Il prête son concours à la prévention sociale, à la protection de la santé publique et à la promotion de l’autonomie et de la responsabilité du citoyen. Il assure sa mission avec dévouement, sans distinction ni influence fondées notamment sur le sexe, la race, la couleur, la langue, la religion, les opinions politiques, l’origine nationale ou sociale, l’appartenance à une minorité, la fortune, la naissance ou toute autre situation.

Article 3
Toute personne a droit au libre choix d’un(e) psychopraticien(ne) certifié(e) et au libre accès à toutes les méthodes reconnues de psychothérapie.

Article 4
Le psychopraticien certifié détermine librement, dans le respect des règles déontologiques de la profession, la méthode de psychothérapie dans laquelle il entend se former et qu’il choisit d’exercer.

Article 5
Le psychopraticien certifié exerce son art en toute indépendance. Il est libre de ses méthodes, en considération des circonstances qui lui sont soumises, sans exposer son patient à un risque injustifié.
La liberté de pratiquer une psychothérapie ne peut faire l’objet d’autres restrictions que celles expressément prévues par la loi, qui constituent des mesures nécessaires, dans une société démocratique, à la sécurité publique ou à la protection des droits et libertés d’autrui.

Article 6
Le psychopraticien certifié est astreint au secret professionnel, dans les conditions fixées par la loi; Il exerce son art dans le respect de la vie, de la liberté et de la sécurité des personnes.

Article 7
Le psychopraticien certifié reçoit une formation spécifique, à laquelle ne peuvent suppléer des diplômes sanctionnant une formation différente : médecine, psychologie, sociologie, philosophie ou autres.

Article 8
Toute méthode de psychothérapie doit être fondée sur des critères scientifiquement validés spécifiques des Sciences Humaines. Aucune méthode reconnue de psychothérapie ne peut se prévaloir d’être supérieure à une autre.

Article 9
Chaque méthode de psychothérapie détermine librement les conditions de formation, d’évaluation et de contrôle de ses praticiens en cohérence avec ses principes, en conformité avec les règles générales qui gouvernent la profession.

Article 10
Lorsque la psychothérapie fait l’objet d’une prise en charge institutionnelle ou sociale, celle-ci doit être appliquée dans les mêmes conditions, à toutes les méthodes reconnues, afin de permettre un accès à chacun sans distinction.
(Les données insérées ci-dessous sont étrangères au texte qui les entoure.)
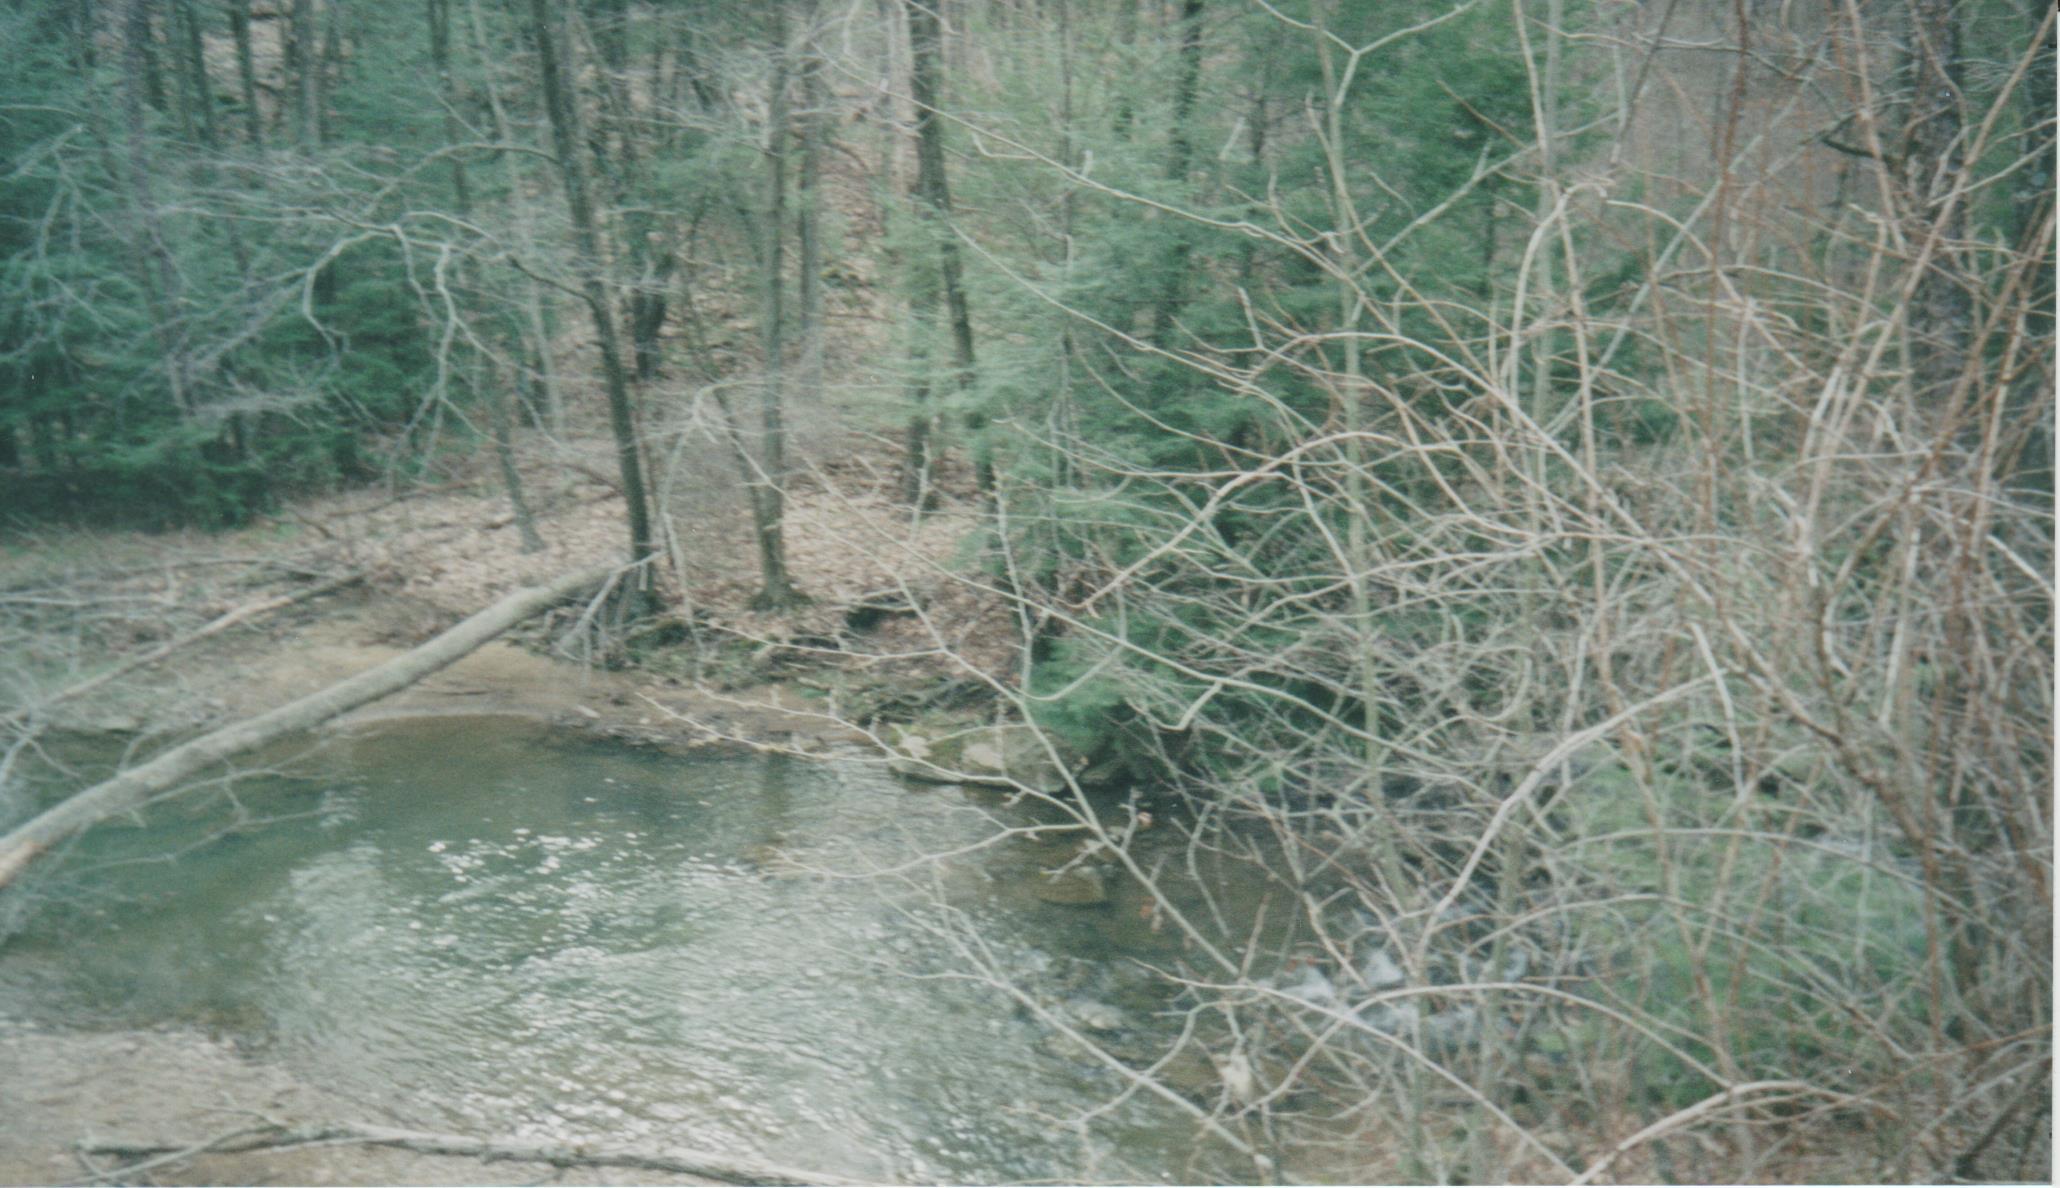 Creek at bridge (where we feed the fish)

Charte Mondiale du World Council for Psychotherapy (WCP)

1. Droit à la dignité et au respect
Quelle que soit sa demande ou son état psychique, la personne en psychothérapie a droit au respect, à la dignité et à l’intégrité de sa personne physique et mentale, sans discrimination d’aucune sorte.

2. Droit au libre choix
La personne en psychothérapie a le droit de choisir librement sa méthode et son psychothérapeute et de modifier ce choix, s’il l’estime nécessaire.

3. Droit à l’information

La personne en psychothérapie a le droit de connaître la (ou les) méthode(s) employée(s) par le psychothérapeute, ainsi que sa qualification, sa formation et son affiliation professionnelle.

4. Conditions de la thérapie

Les conditions de la thérapie doivent être précisées avant tout engagement :
les modalités (verbale, émotionnelle, corporelle…), la durée et la fréquence des séances,
la durée présumée du traitement et ses conditions de prolongation ou d’arrêt, le coût financier (honoraires, prise en charge éventuelle, conditions d’assurance, règlement des séances manquées).

5. Droit à la confidentialité

Le psychothérapeute doit s’engager, auprès de la personne en thérapie, au secret professionnel absolu, concernant tout ce qui lui est confié au cours de la thérapie.
Cette confidentialité est une condition indispensable à la relation thérapeutique.
Elle est limitée par les dispositions légales en vigueur.

6. Engagement déontologique du psychothérapeute
Le praticien est tenu de respecter le code de déontologie de son organisme professionnel de référence. Ce code est communiqué sur simple demande.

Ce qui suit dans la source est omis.